Veo el reloj, son alrededor de las 12:00 p.m. Es una noche fría que va llorando tristemente al ritmo de las brisas. Me encuentro en el patio haciendo tarea, pero esta calma que se percibe como polvo se desvanece y sobre la trompeta retumban los gritos de una madre desesperada, para quien lamentablemente el brillo que emiten los ojos de su pequeño se esfumó. 

Causa un impacto profundo saber que la historia de su hijo hoy aquí ha terminado. Comienza a llegar la ausencia, el vacío inmenso que nada podrá llenar. La madre corre empapada en llanto hacia el cadáver deseando regresar en el tiempo, pensando que está sólo en un mal sueño del cual quiere salir pero no consigue despertar. Ella batalla contra la resignación, que la deja sin fuerzas. Desde ese momento todo queda en absoluto mutismo, la noche se vuelve tensa y abrumadora.

Miles de teorías que conspiran alrededor del lecho de muerte se cuestionan si el dolor es el origen.

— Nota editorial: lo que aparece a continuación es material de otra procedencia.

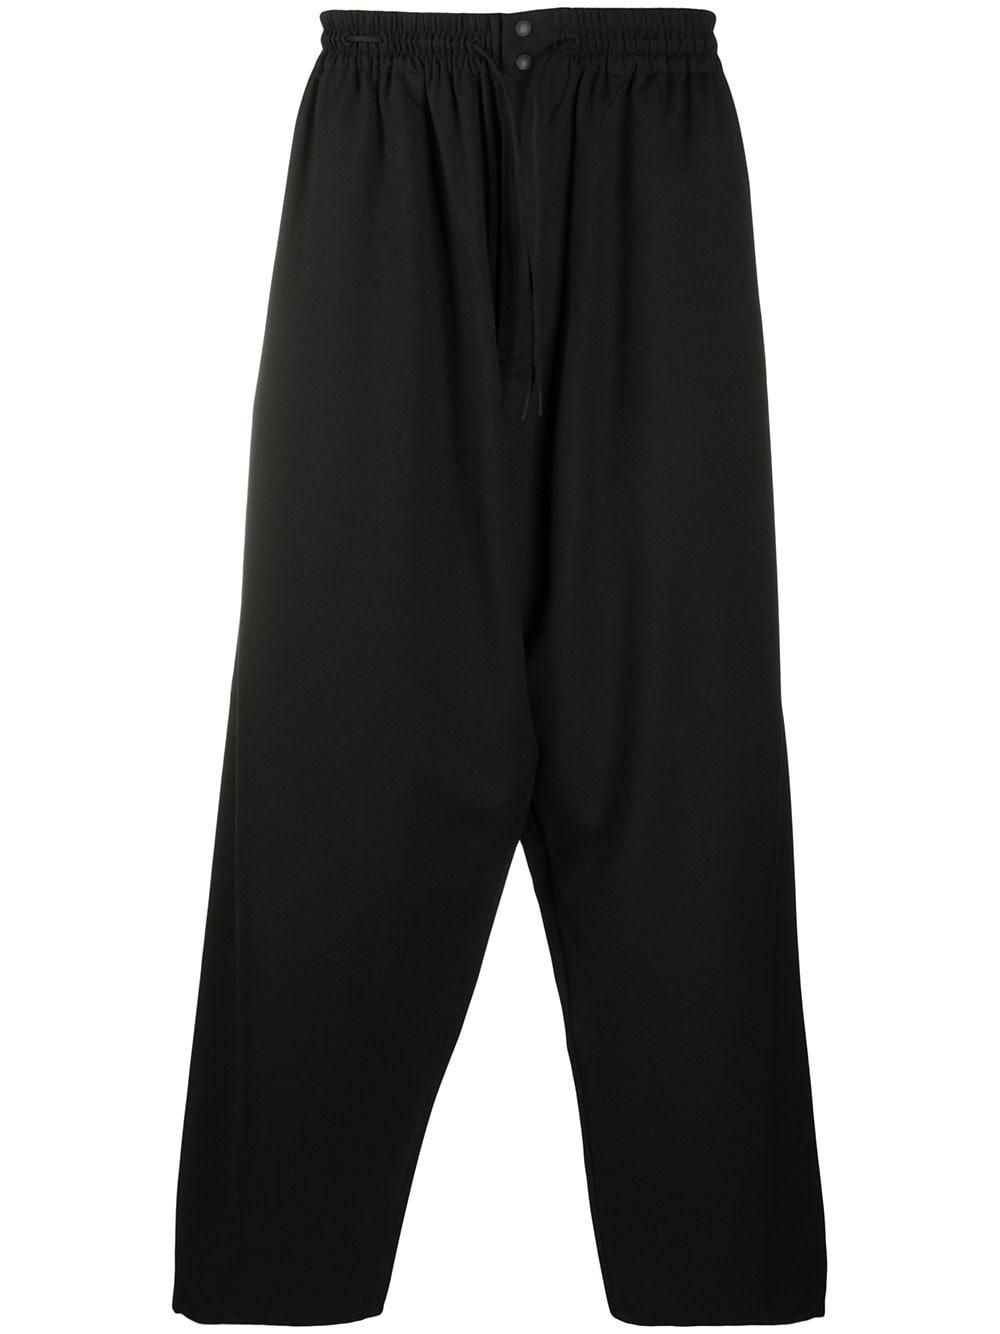 Y-3 Wool Drawstring Zoot Trousers in Black for Men - Lyst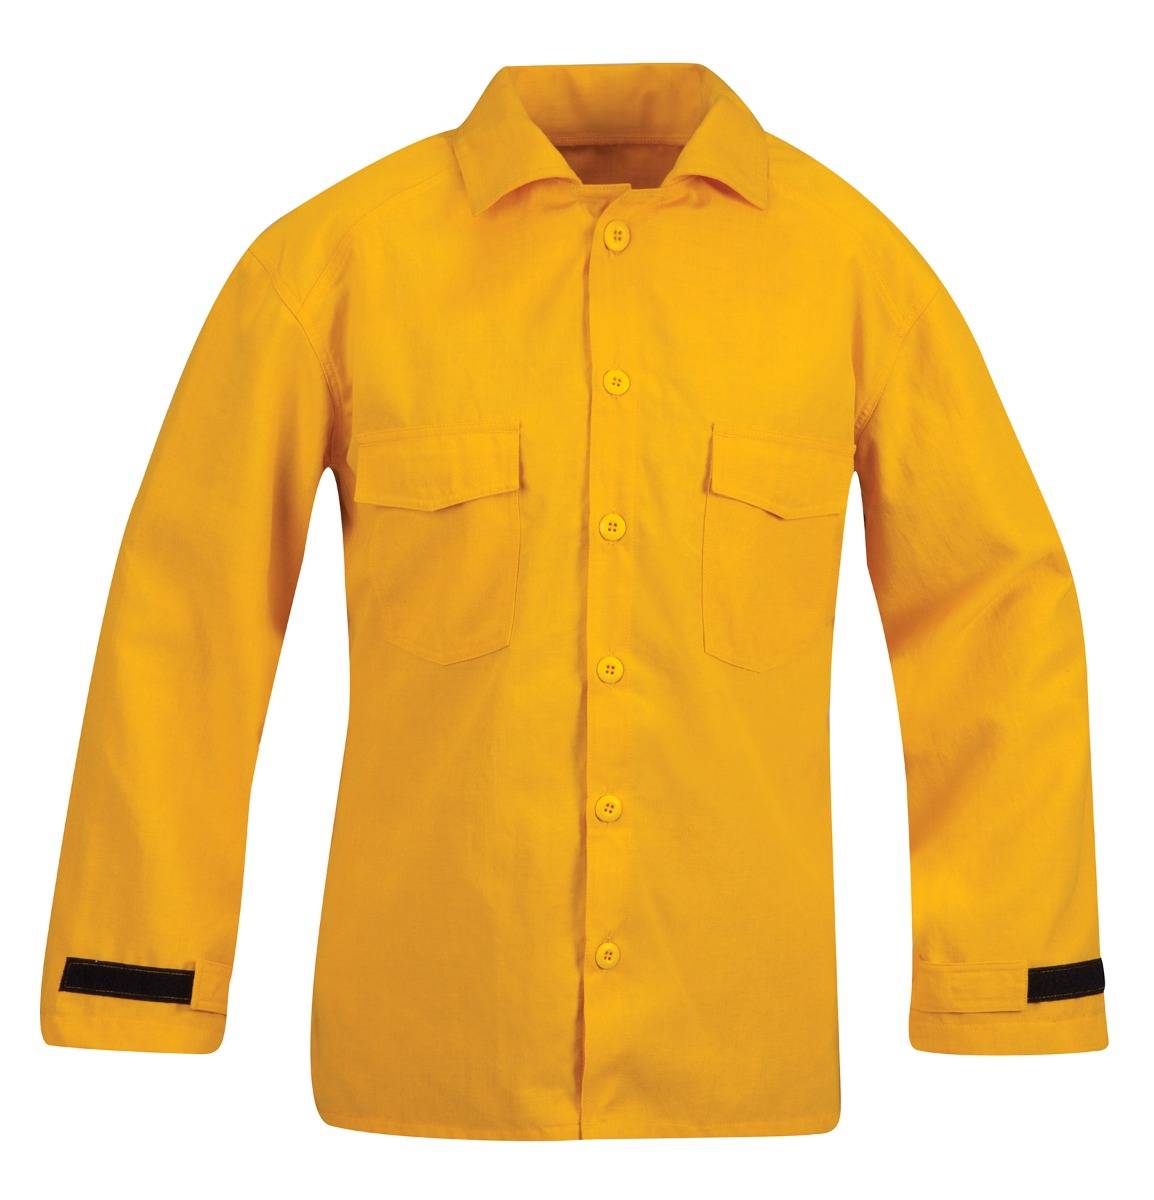 Propper Fire Resistant Wildland Shirt

Personalmente puedo decir que el dolor es inevitable, una experiencia somática sin control de medida, muchas veces confuso, pero pleno en su existencia, en su fortaleza que lo arraiga hacia la vida misma. A quince días de su deceso no consigo descifrar el enigma que lo llevó a tomar tal decisión.

Y aunque no encuentro la manera exacta de explicar las sensaciones que me transmitió este lamentable hecho, puedo decir que me ha marcado fuertemente, pues yo también soy madre e hija y para donde quiera que mire se detona sufrimiento. Ese dolor que nadie quiere pero que todos necesitamos.